(Editor's note: Because the foster children cannot be fully identified unless they are put up for adoption and all parental rights have been terminated, only first names were used.)
VALDOSTA -- When asked if she was having a good time at the Department of Human Resources' fall festival, 3-year-old Celesttisha said, "Yes ma'am."
Standing there Tuesday afternoon in Olympic Park with her face painted and her arms filled with "goodies," Celesttisha had a huge smile on her face ... she had just danced with Clifford, better known as the "Big Red Dog."
Ten-year-old Cory shared Celesttisha's excitement as he ran from one activity to the next, eager to see and do everything the fall festival had to offer. Of course, Cory's favorite thing about the festival was "jumping in the bouncy house."
Celesttisha and Cory are only two of the 160 kids, ranging in age from newborn to 18, in the custody of the Lowndes County Department of Family and Children Services.
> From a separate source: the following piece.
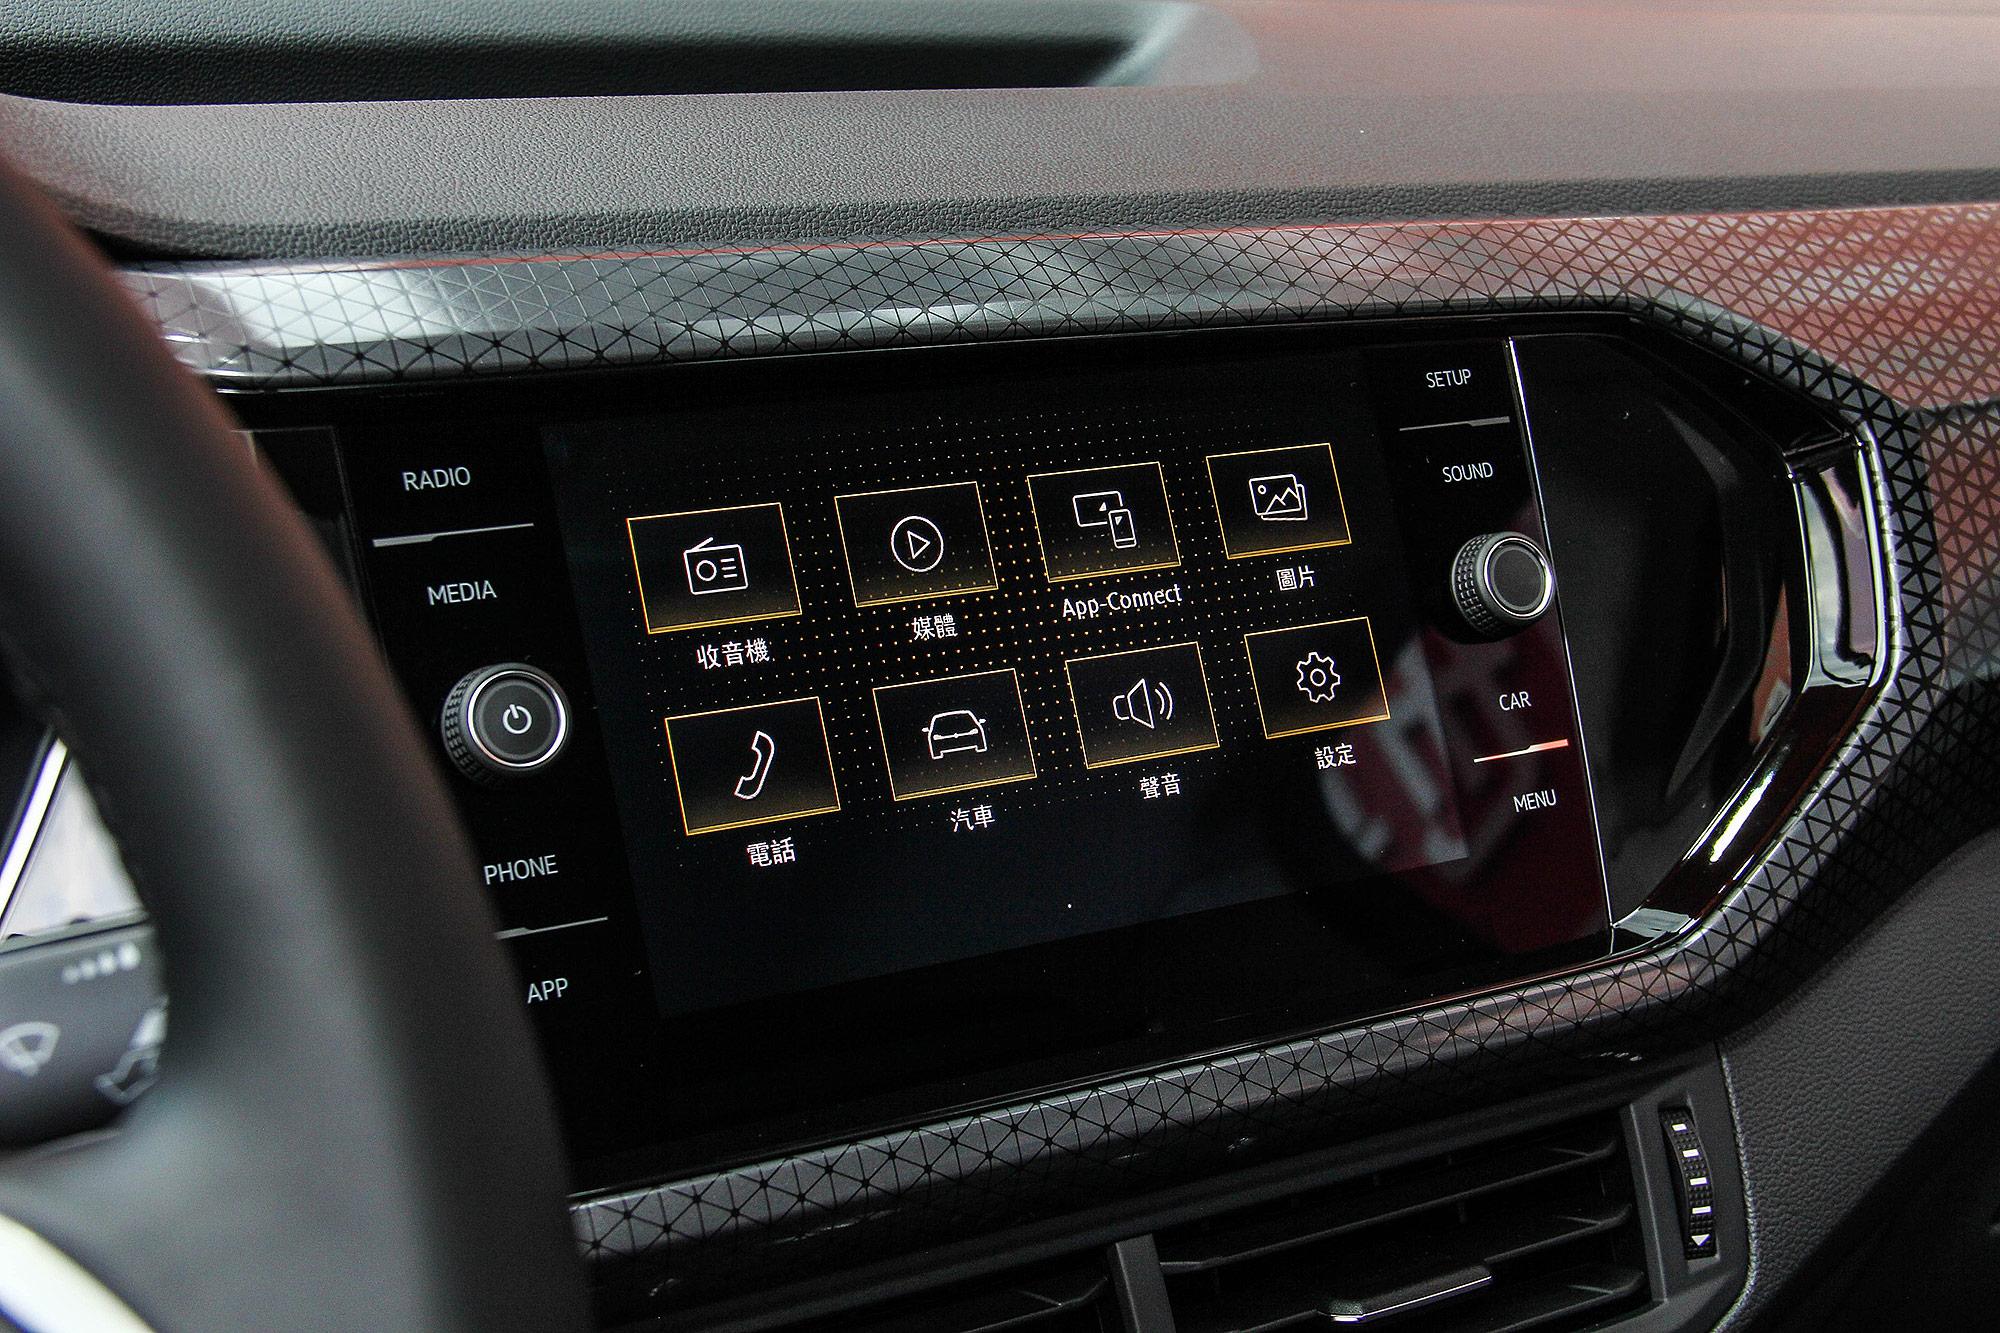 8 吋鏡面式觸控螢幕為全車系標配。

Approximately 120 of them are in foster homes. The others reside with relatives or in some type of 24-hour child care institution, said Kay Thomerson, social services foster care supervisor.
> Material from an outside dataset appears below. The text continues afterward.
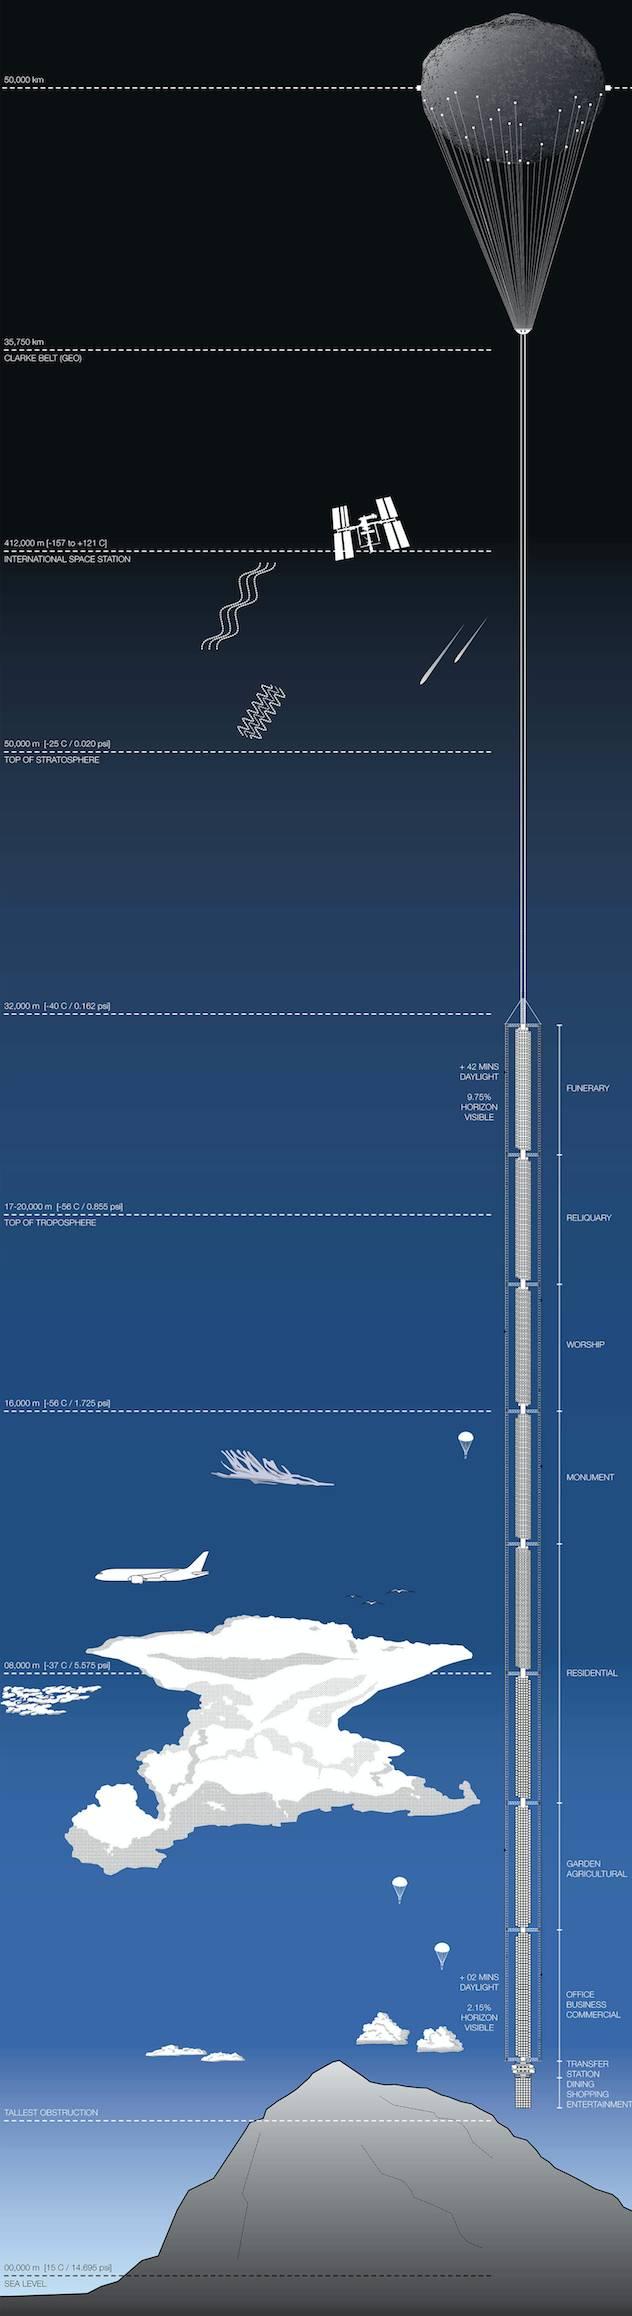 5万米高的建筑从天而降?!已有详细设计方案,施工能否实现全靠_5

"Our goal is to find permanent homes for each child," said Thomerson. "That can be reunification with the parents, placing them with a relative, or placing them for adoption."
Approximately 25 of the kids in DFCS' custody are ready for adoption. Thomerson said they range in age from 2 to 17.
Most of the kids are placed in foster care due to some form of neglect, abuse or parental incarceration.
The fall festival hosted by DFCS was an attempt to let each of the kids participating know they are not alone.
"We want them to know there are people who love them and other kids who understand what they are going through," Thomerson said.
For many of the sibling or family groups in foster care, the fall festival was a chance for kids to reunite with brothers, sisters, cousins and other relatives.
Thanks to Smokey Bear, Clifford, and numerous foster parents and volunteers, the event was a huge success, as evidenced by the smiles on the kids' faces.
There are 40 foster homes in Lowndes County. However, Thomerson said they are "always needing new ones."